» WHAT THE EXERCISE ASKS
Could you retype every line below exactly, omitting the images?

» SOURCE MATERIAL
-----

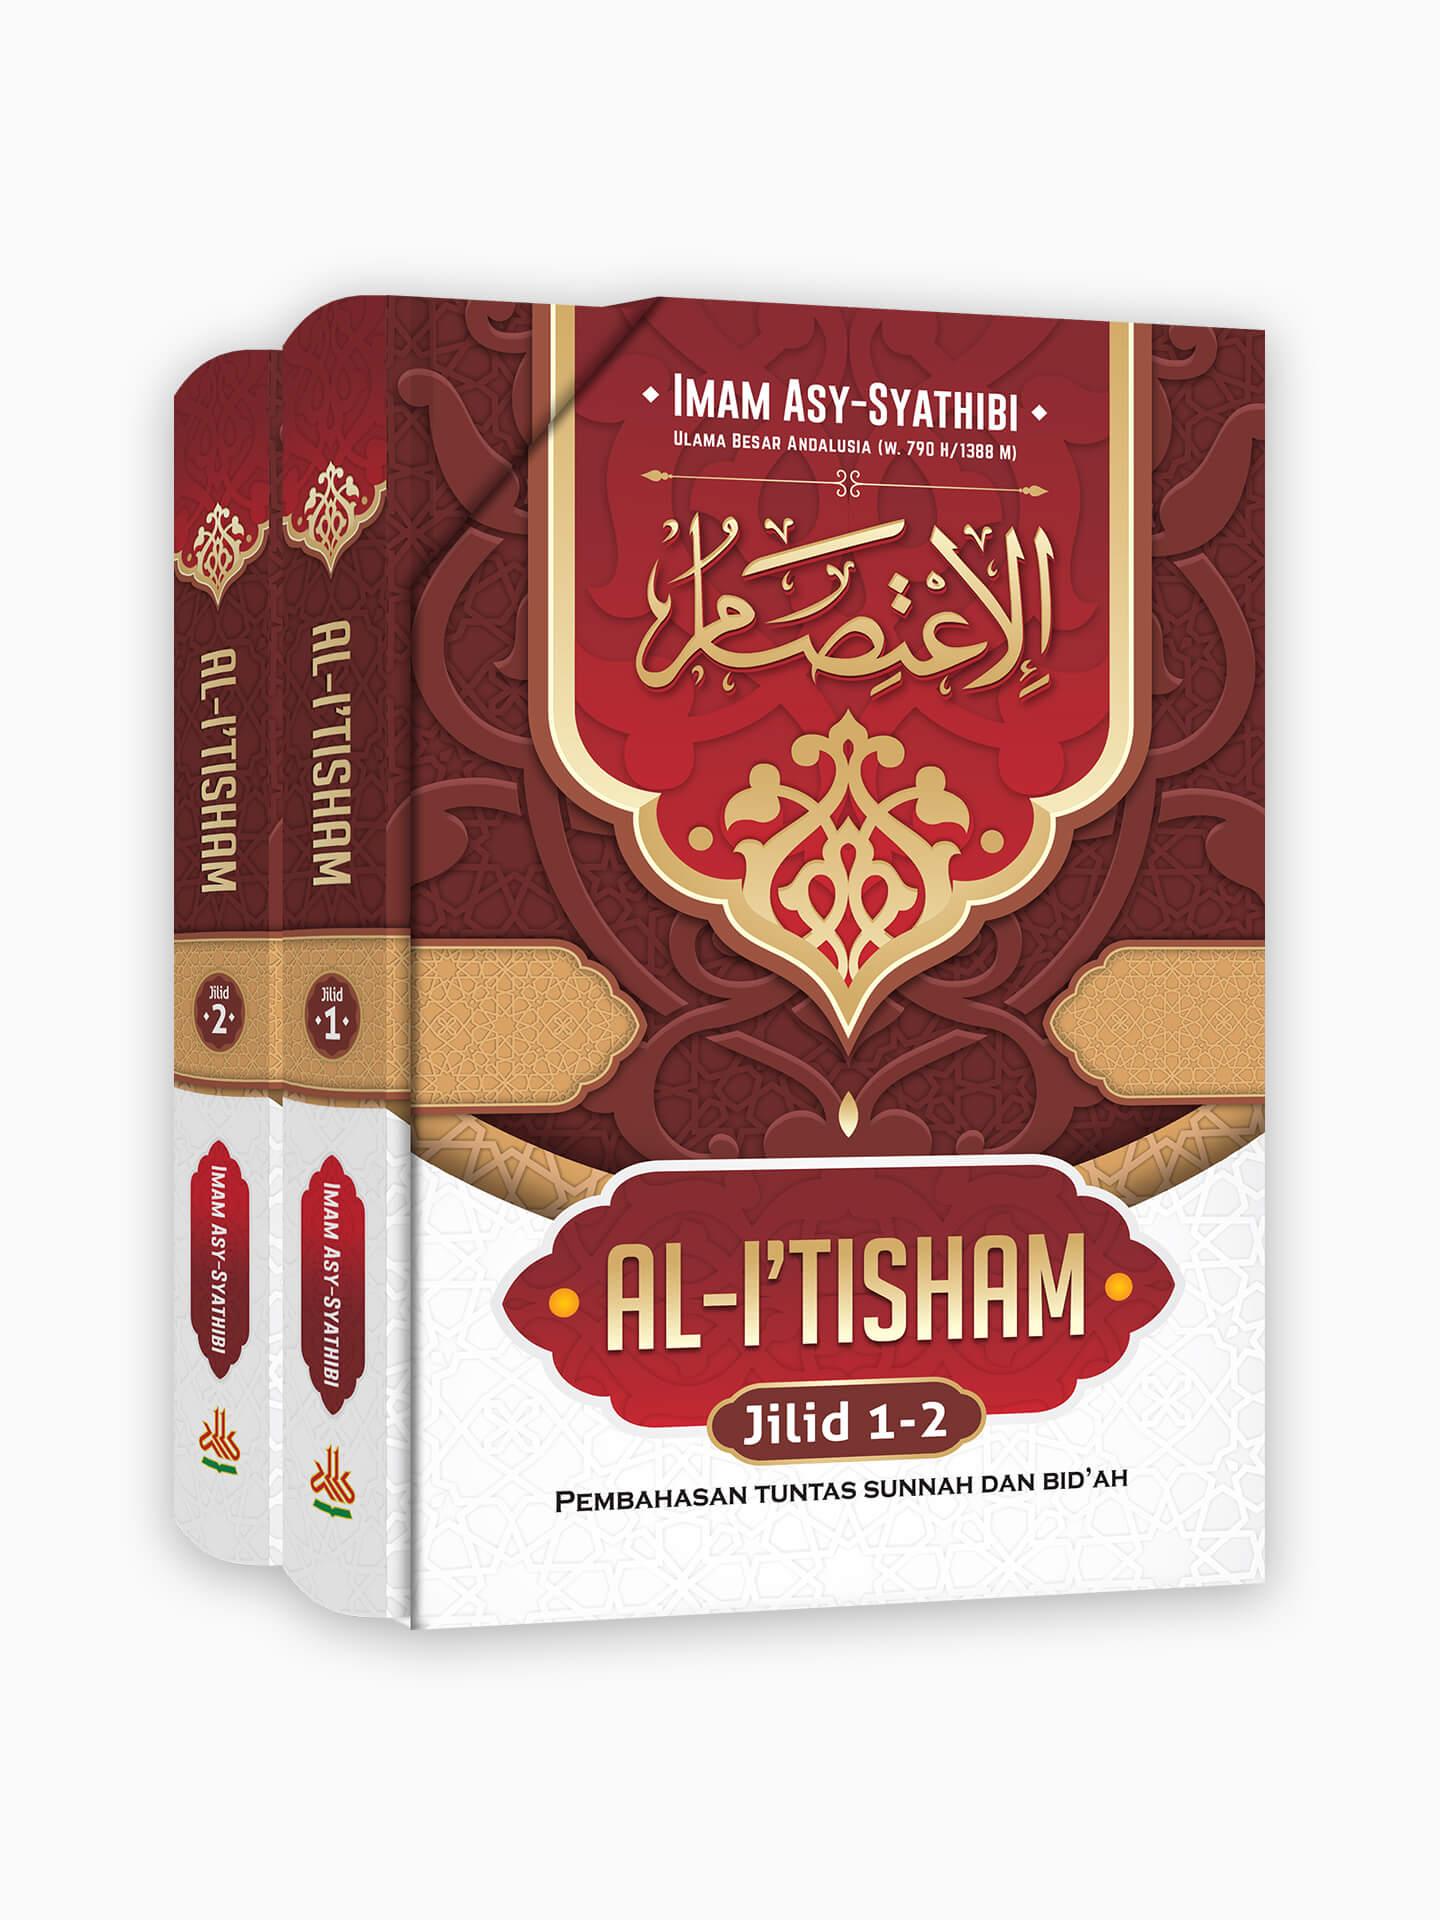 Al-I'tisham : Pembahasan Tuntas Sunnah dan Bid'ah
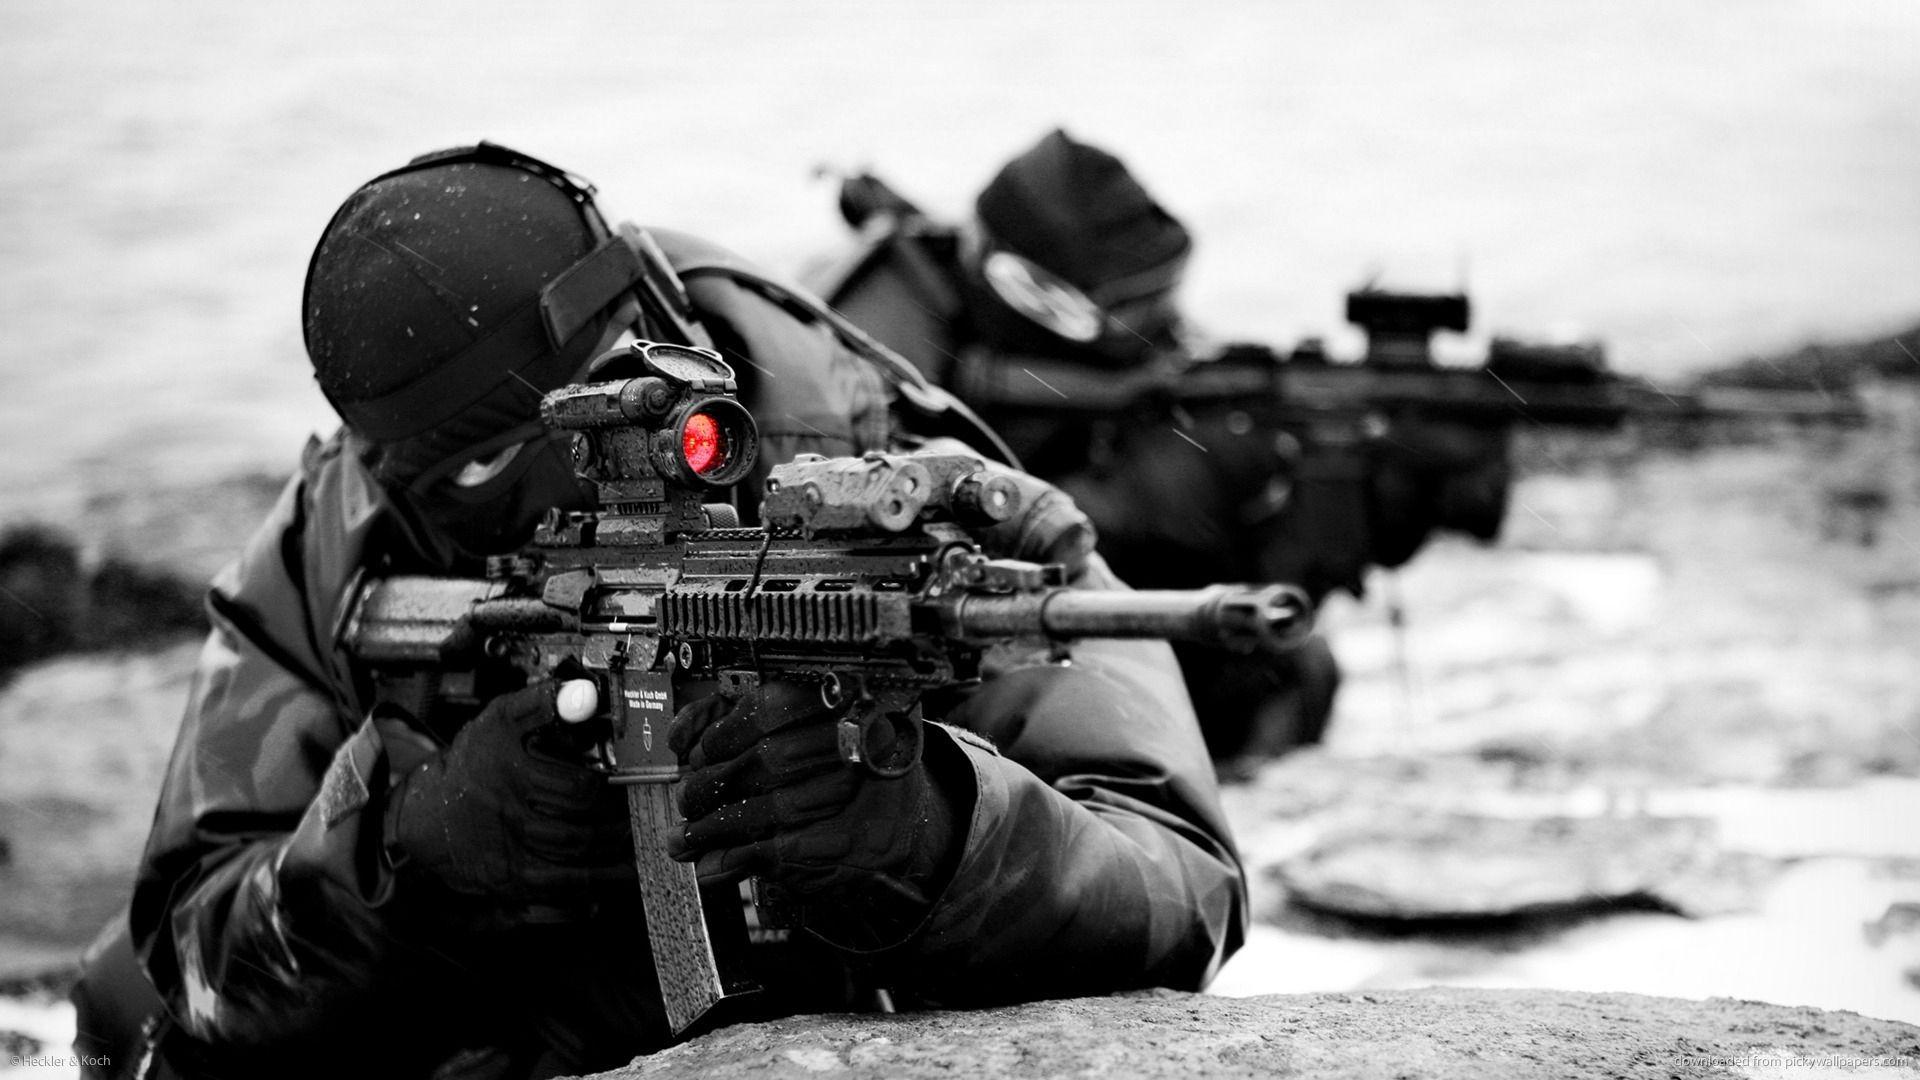 Heckler And Koch Hk416 Wallpaper Fond D Ecran Marine Photos Militaires Navy Seals
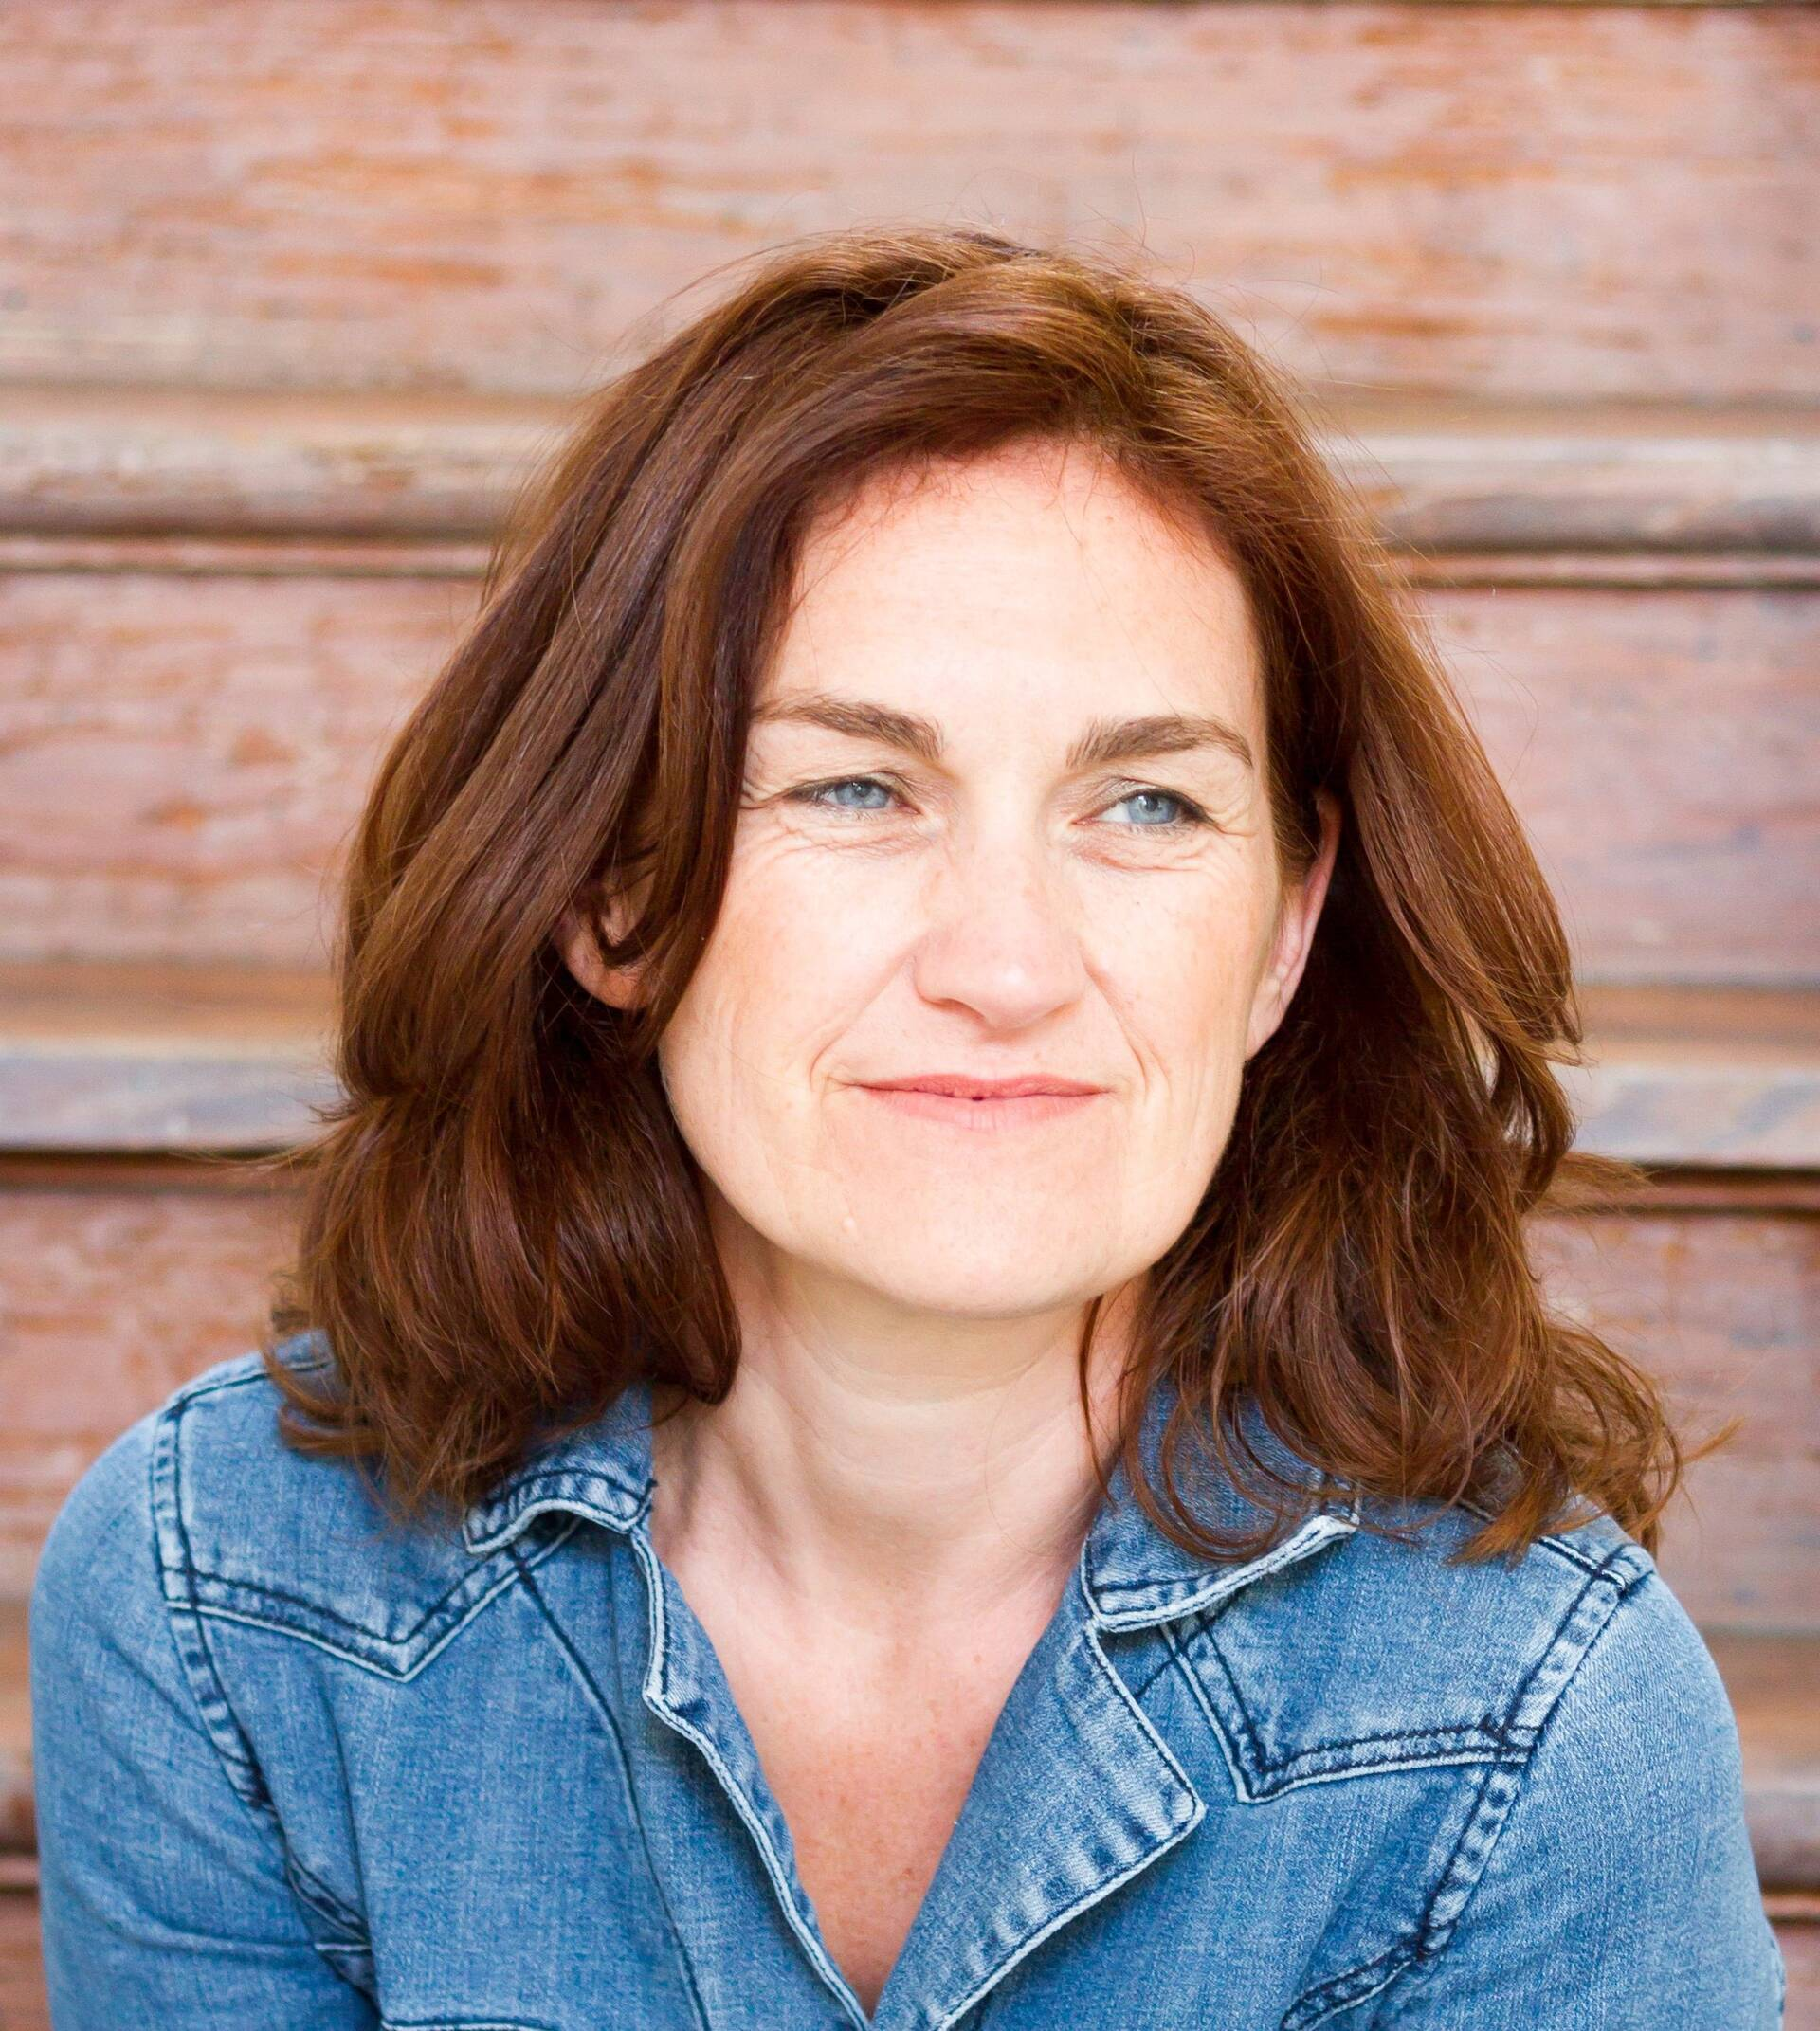 Cindy Van Autreve

-----

» OUTPUT FOR THIS TASK
 Al-I'tisham : Pembahasan Tuntas Sunnah dan Bid'ah
 Heckler And Koch Hk416 Wallpaper Fond D Ecran Marine Photos Militaires Navy Seals
 Cindy Van Autreve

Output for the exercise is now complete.